Interpreting Mixture of Experts Routing through Sparse Autoencoders
Ilya Lasy, Nora Cai
Mentored by Kola Ayonrinde
Working report from the SPAR program. May not reflect the authors' current views.
Abstract
Sparse Mixture-of-Experts (MoE) transformers differ from regular dense transformers by routing each token through only a subset of model parameters, known as expert networks. However, what features determine these routing decisions remains unknown. We suggest that the difficulty of interpreting routing stems from the implicit assumption that each expert specializes in a single monosemantic domain. We relax this assumption and show that, when experts are modeled as specializing in a superposition of many domains, routing behavior becomes highly human-understandable.
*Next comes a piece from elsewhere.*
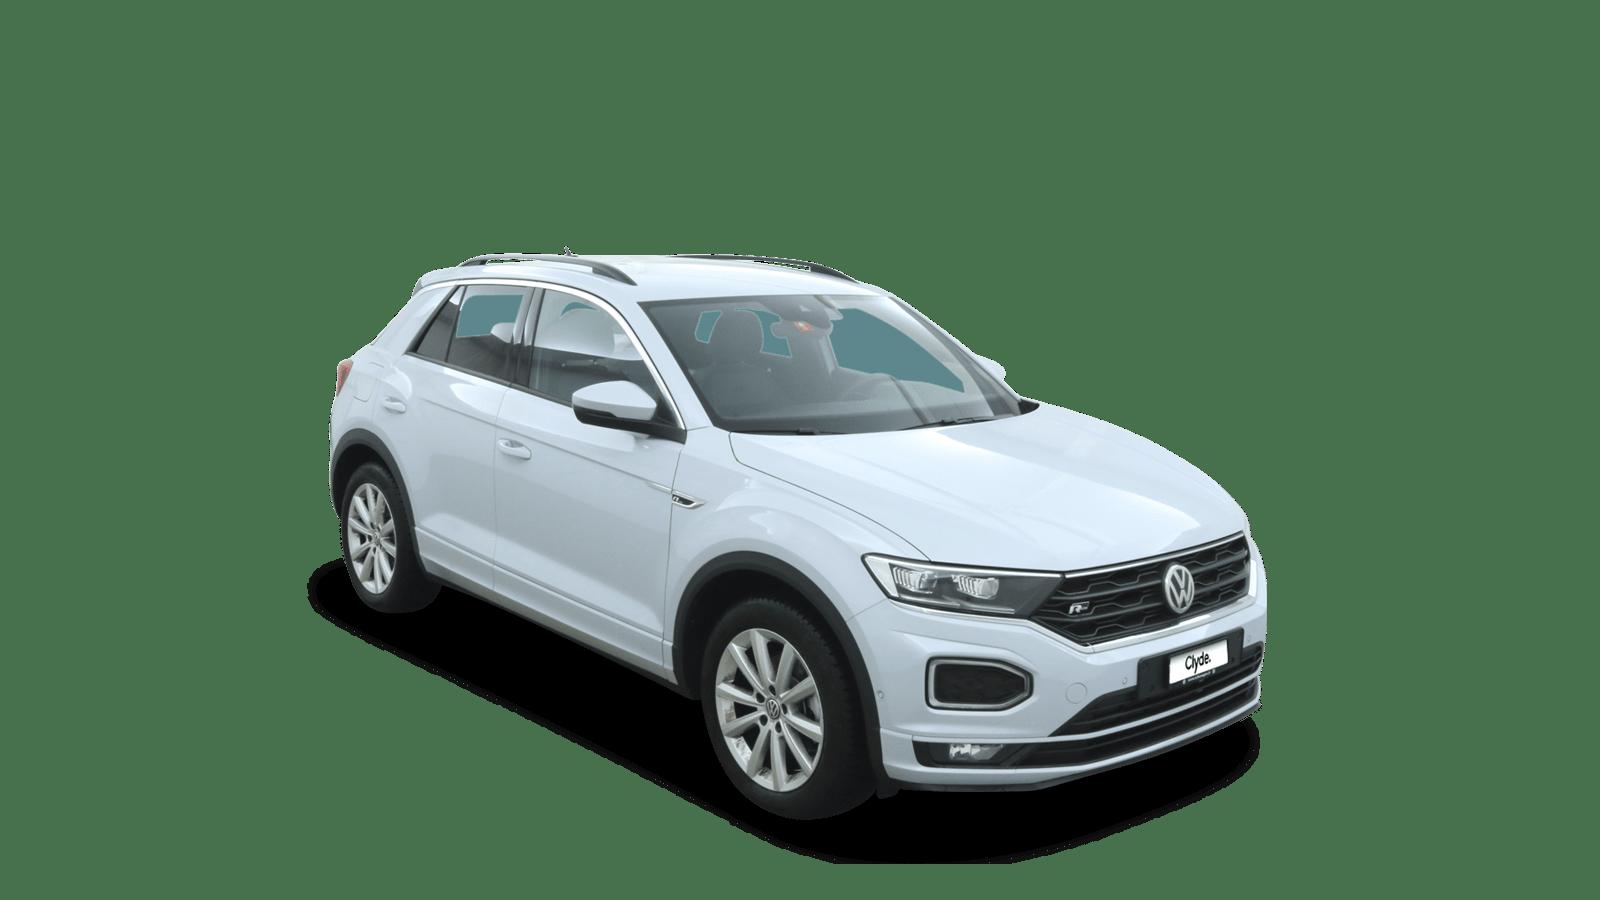 VW T-Roc White front - Clyde car subscription

In particular, we introduce a method, RouterInterp, which uses Sparse Autoencoder (SAE) features to produce concise natural-language explanations of MoE routing, and achieves 81% recall in predicting expert routing on GPT-OSS-20B, exceeding our best baseline, a bigram model (55%) that predicts routing from token co-occurrence patterns. By aggregating each expert’s most predictive SAE features, we obtain textual explanations that reveal how experts specialize. Our approach demonstrates that SAE features linearly predict expert selection, and that their alignment with routing vectors yields faithful natural language explanations of expert specialization, transforming MoE routing from a black box into an interpretable component that can be monitored and optimized both during model development and post-hoc analysis.